South Africa's Small Five

Source: Shutterstock

South Africa’s Small Five: Meet the iconic little beasties of the bush

You’ve seen the Big Five, but have you seen South Africa’s Small Five?

South Africa's Small Five

Source: Shutterstock

If you live in South Africa, chances are you’ve heard of the Big Five. If you’re a die-hard safari aficionado, you’ve likely already seen them all, multiple times.

And while we love the members forming this iconic group (leopard, lion, rhino, elephant, buffalo), we often like to remind our readers that there are plenty more brilliant beasts to see up-close in the bush. 

In case you haven’t yet heard, there is another special group of animals to add to your safari bucket list called the “Small Five”. And while this tiny troupe might still be overlooked because of their size, these little beasts are no less fascinating than their bigger (and more famous) counterparts. 

Ready to meet them all? Here’s introducing South Africa’s Small Five:

1. The Leopard Tortoise

With gold and black markings closely resembling a leopard’s spots, it’s easy to see how this unique tortoise got its name. 

Much like the elusive feline they are named after, leopard tortoises are solitary creatures often found hiding out in less-explored corners of the country’s parks and reserves. And although forming part of South Africa’s Small Five, they can grow quite large!

Unlike leopards, leopard tortoises are toothless, preferring to graze on succulents, shoots and fallen fruit. However, they do have to work just a little bit harder to avoid becoming a snack for jackals. What we do love most about these slow-moving little creatures is their resilience. They can live up to 100 years of age, and just like their feline counterparts, they too can swim! 

 Leopard tortoise
A leopard tortoise, Stigmochelys pardalis. Image: Envato

2. The Rhinocerous Beetle

Just like rhinos, these rotund and curious-looking creatures have an armoured appearance. They are also characterised by their impressive, hooked horn used for foraging, defending their territory and most importantly, attracting prospective mates. 
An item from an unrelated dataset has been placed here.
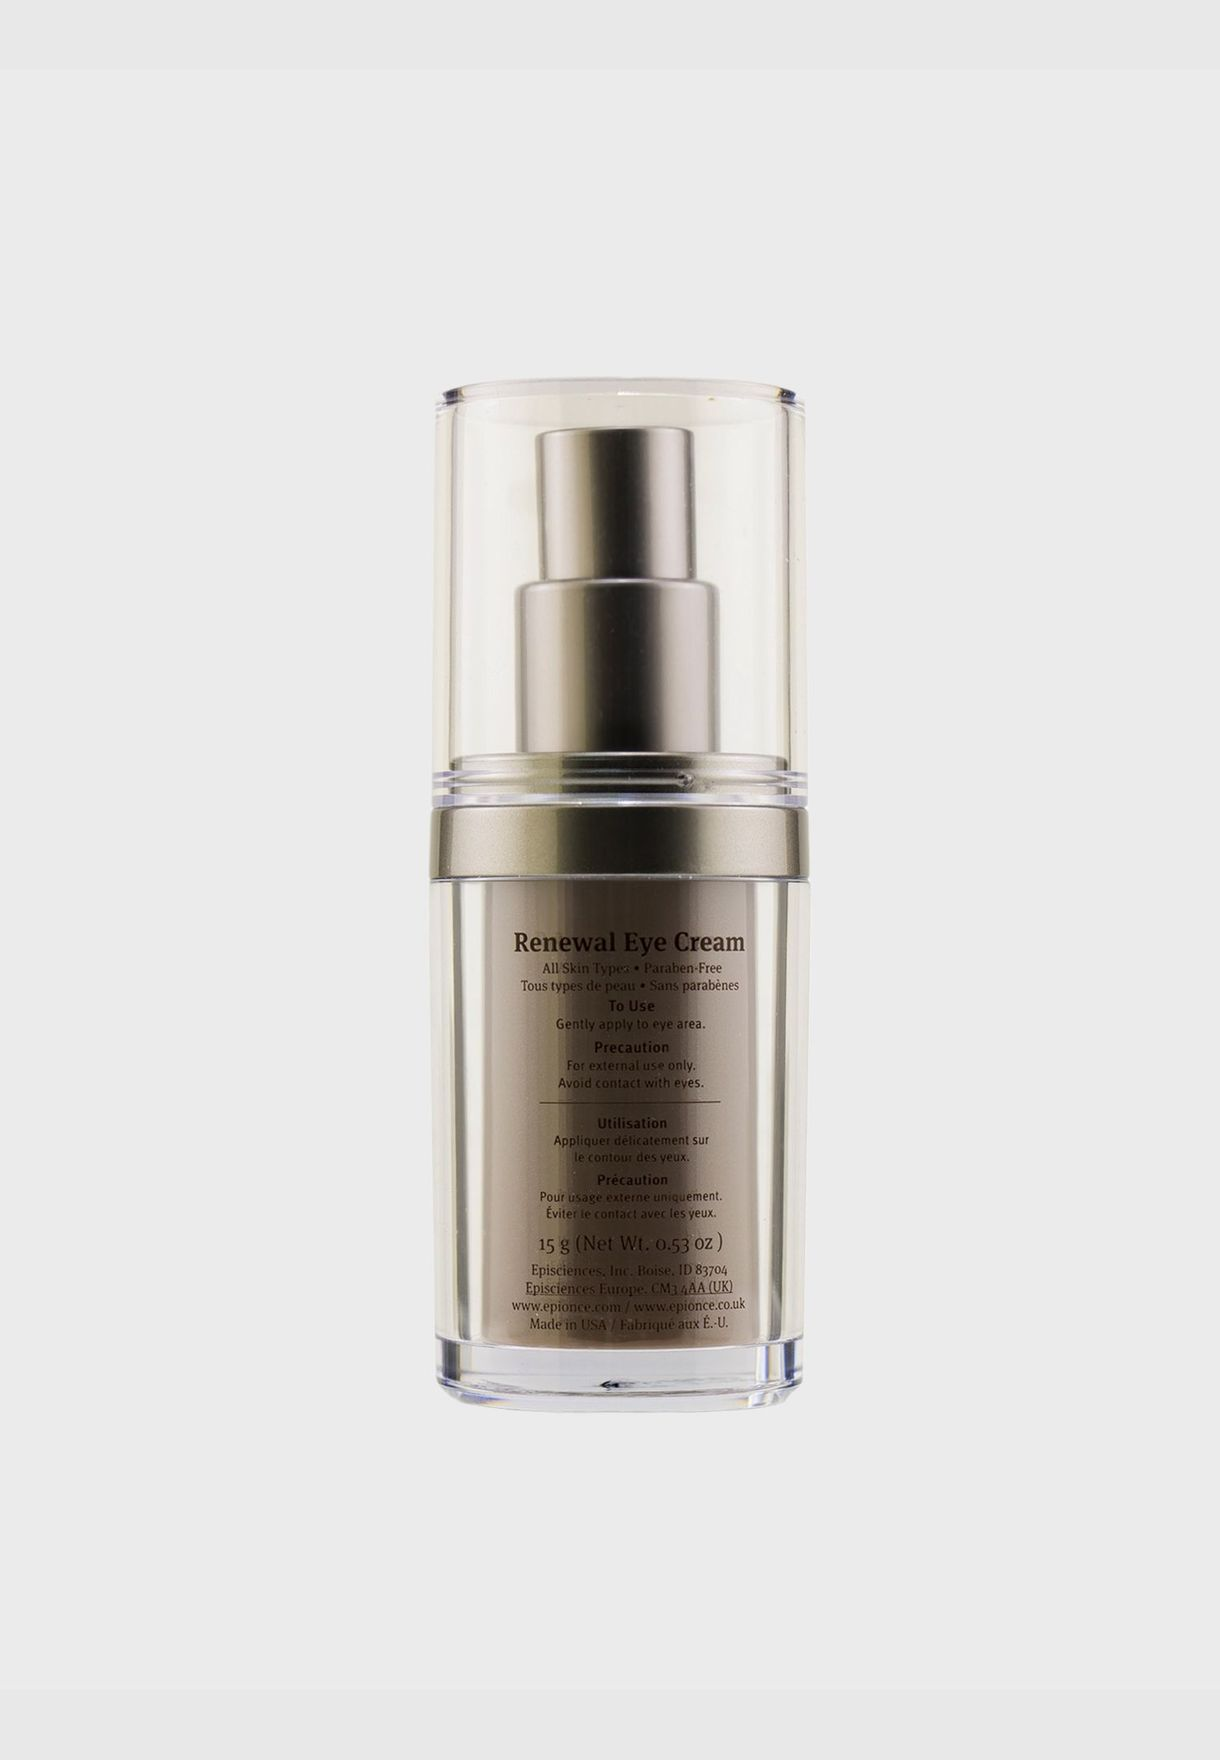 Renewal Eye Cream - For All Skin Types

With their slick, black exoskeletons, these hardy beetles form part of the scarab family (Scarabaeidae), which also includes dung beetles. And much like their dung beetle cousins, rhinoceros beetles have a natural affinity for all things muddy and smelly. 

Considered the “Hercules of the insect world” they can carry up to 850 times their own body weight! 

South Africa's Small 5, rhino beetle
Rhinoceros beetles, Dynastinae. Image: Envato

3. The Antlion

Move over Simba, here’s introducing the new King of the Jungle: The ferocious and fearsome antlion. 

The antlion weighs in as the smallest member of South Africa’s Small Five, but don’t let his size fool you. Antlions are highly capable predators and can often be spotted digging sandy bunkers from which to catch their prey. 

Much like a skulking lioness, they’ll lie low and wait for an unsuspecting victim to pass by just close enough to use their sickle-shaped jaws to finish off the kill. Antlions really are fearsome little beasts and are known to take down a range of critters twice their size. 

Antlion, Myrmeleontidae. Image: Shutterstock

4. The Red-billed Buffalo Weaver

Characterised by its signature red beak, the red-billed buffalo weaver is the only feathered member of South Africa’s Small Five. Twitchers, assemble! 

Much like those brooding buffalos, these little birds prefer living together which makes them easy to find. They’re a rather noisy bunch, especially when skillfully weaving their nests using materials like thorny twigs and grass. They tend to set up camp in large trees like baobabs and camelthorn acacias and live on a hearty diet of seeds, fruit, insects and even scorpions on occasion. Yum!

South Africa's Small 5, buffalo weaver
Red-billed buffalo weaver, Bubalornis niger. Image: Shutterstock

5. The Elephant Shrew

We’re ending off South Africa’s Small Five list with arguably the cutest member of the group: The elephant shrew. These tiny, insect- and termite-munching mammals are named after an elephant due to their long trunk-like snouts and believe it or not, they are distantly related to them as well! 

Small enough to fit in the palm of your hand, elephant shrews are exceptionally fast, reaching speeds of over 28km/h. Unlike those large and loveable ellies seen patrolling the Kruger or Addo Elephant Park, seeing an elephant shrew can be tricky, especially since they are exceptionally skittish and only live between two to four years.